(BRIEF) Any picture must be dropped, but each line of the data should be duplicated exactly.

*** INFORMATION SUPPLIED ***

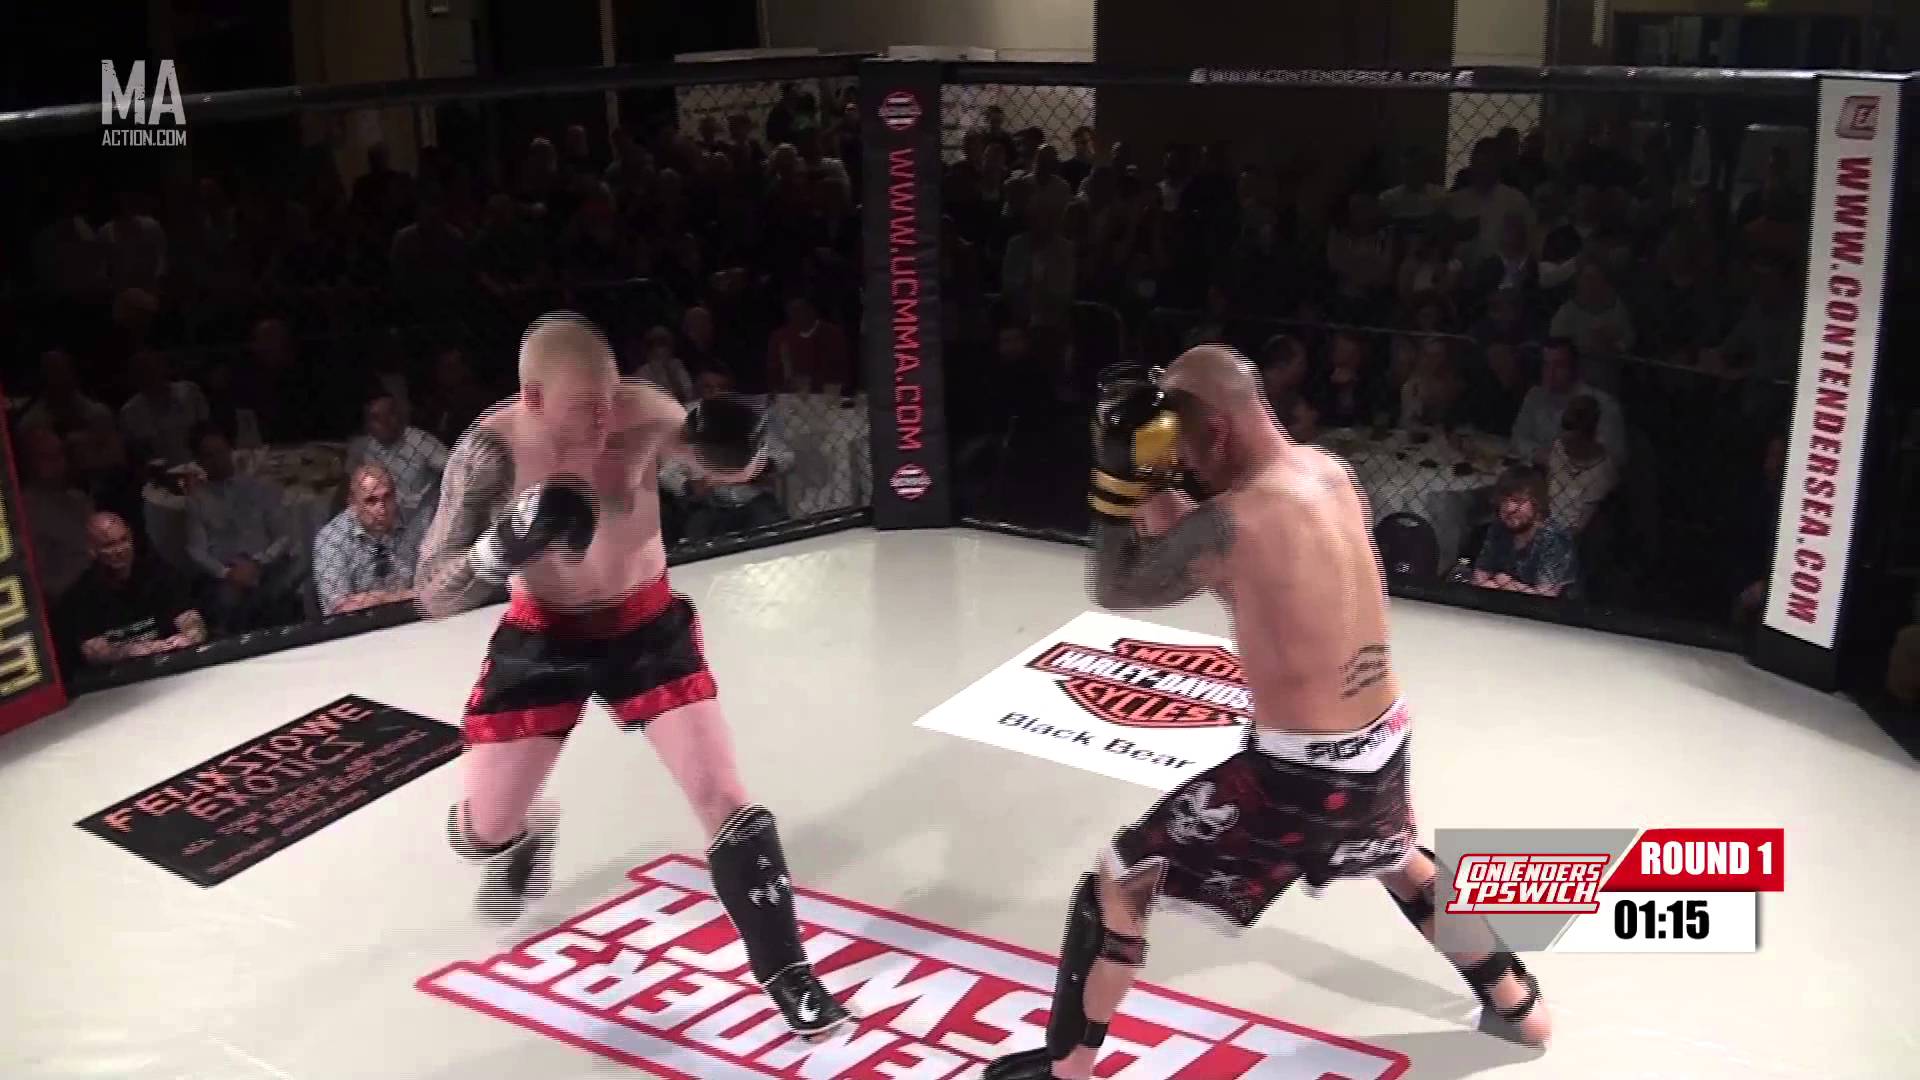 Tom Whitton vs Matt Bone - Contenders Ipswich #1 Full Fight MMA Video1920 x 1080
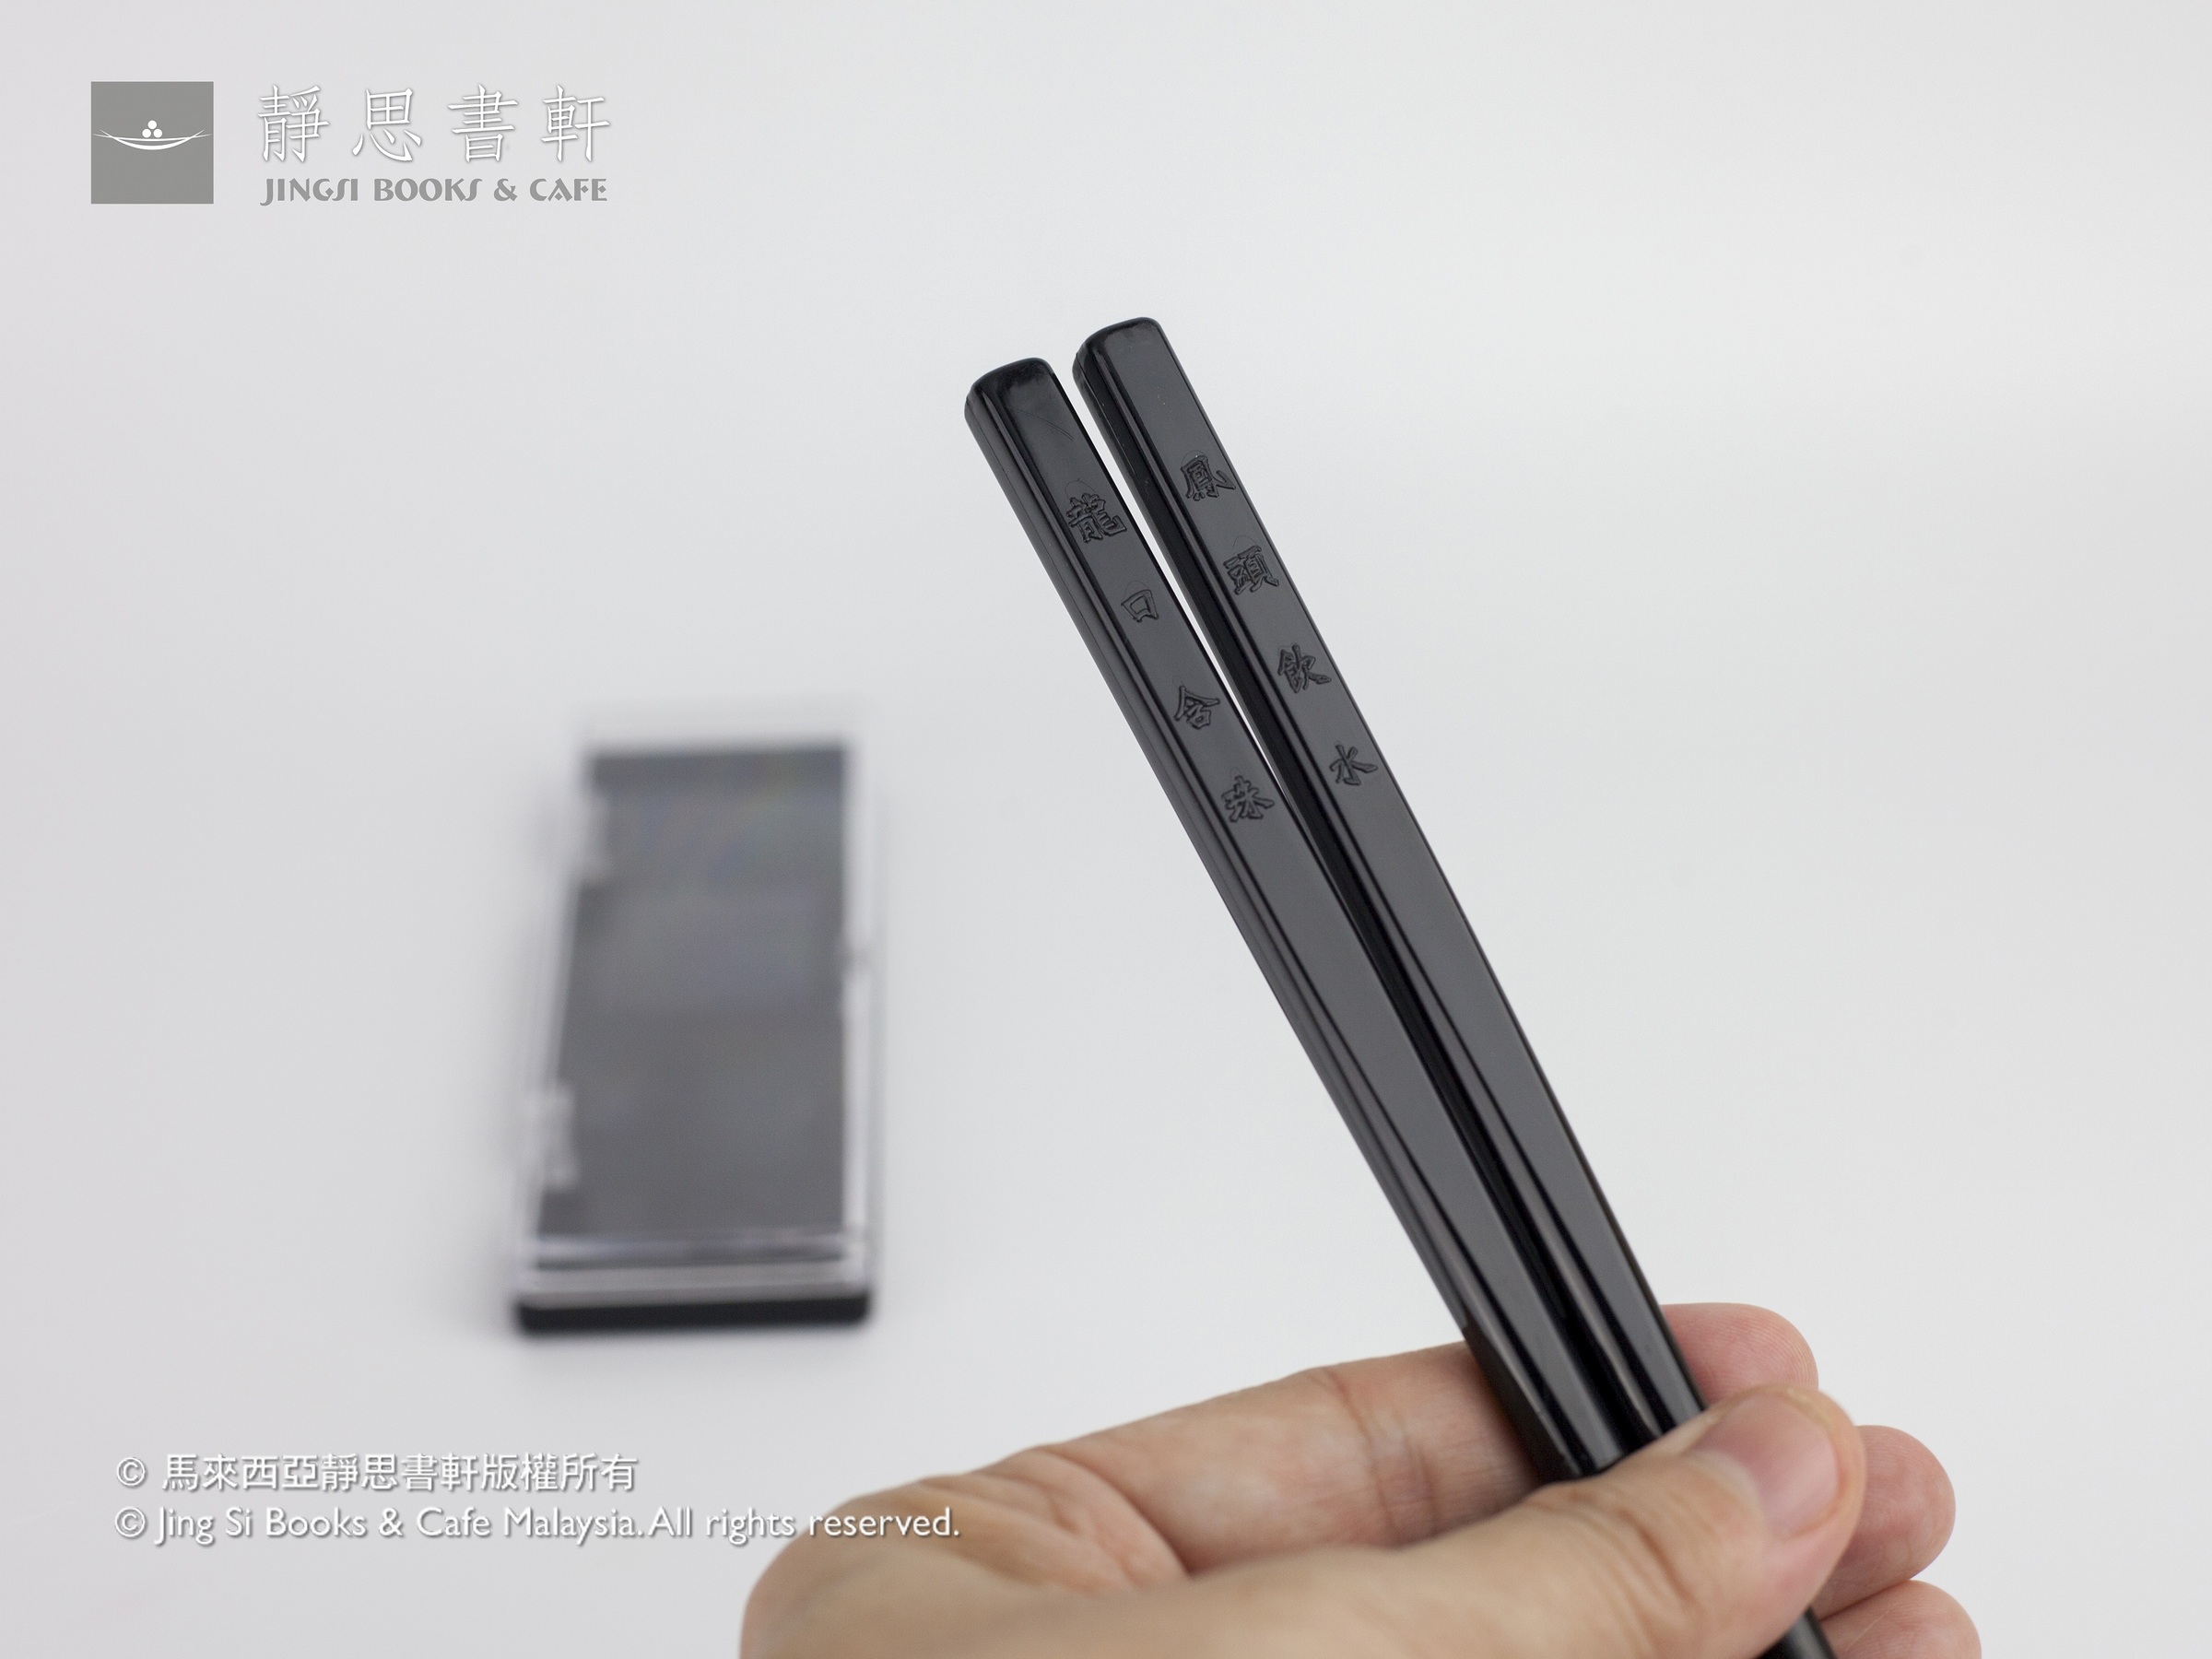 Stainless Steel Retractable Chopsticks 不鏽鋼伸縮筷 – Jing Si
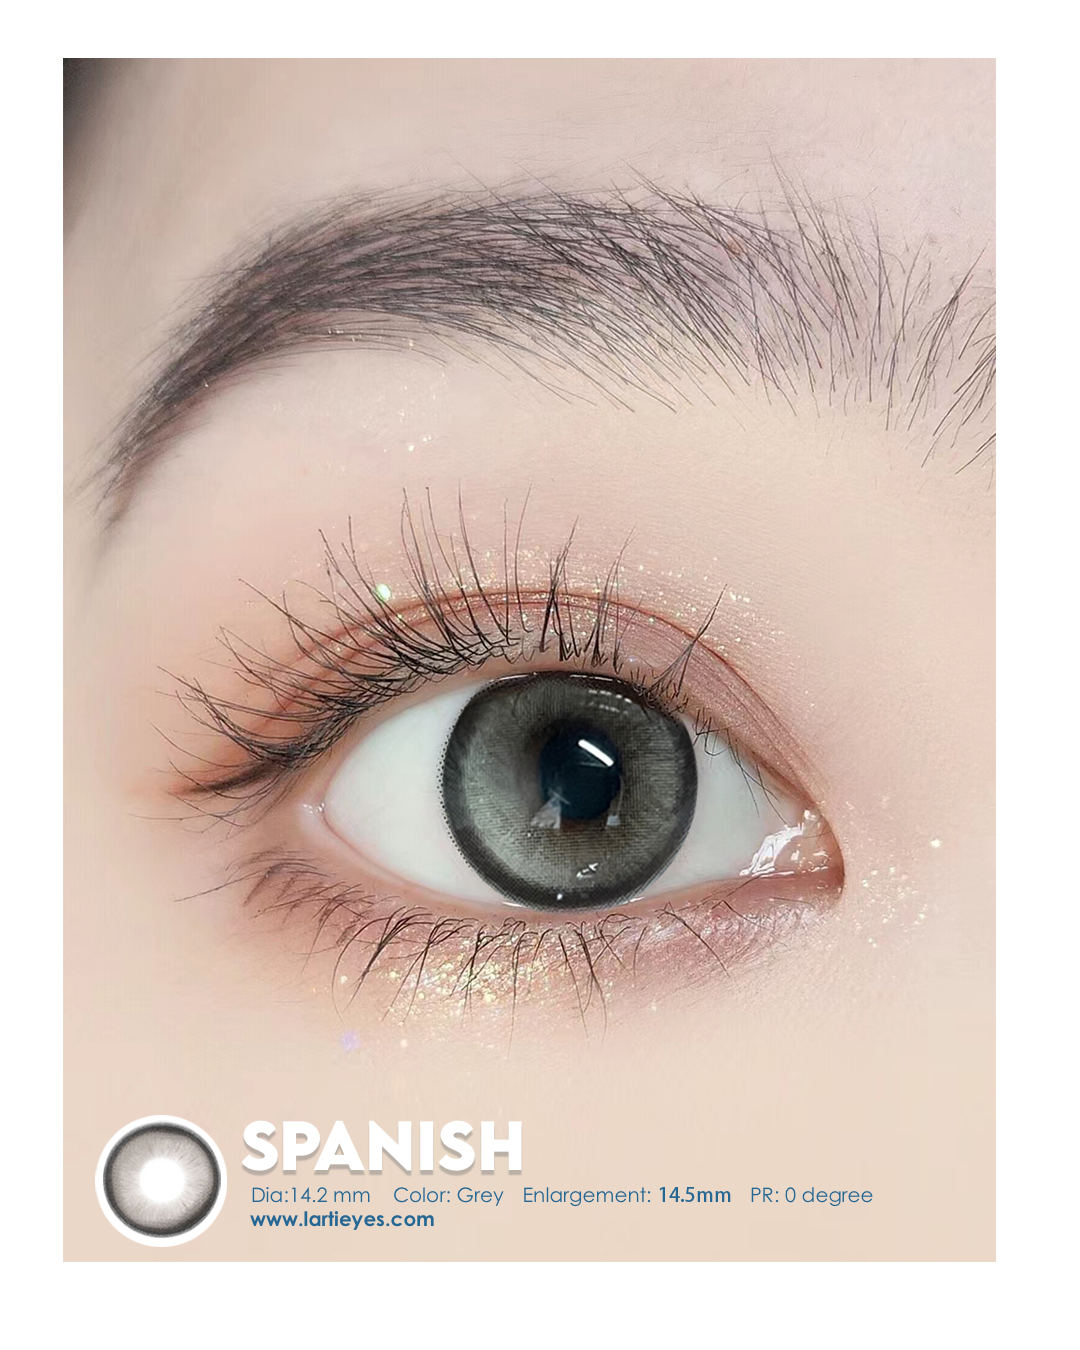 Spanish focus eyes

*** End of INFORMATION SUPPLIED ***

(TASK SOLUTION)
 Tom Whitton vs Matt Bone - Contenders Ipswich #1 Full Fight MMA Video1920 x 1080
 Stainless Steel Retractable Chopsticks 不鏽鋼伸縮筷 – Jing Si
 Spanish focus eyes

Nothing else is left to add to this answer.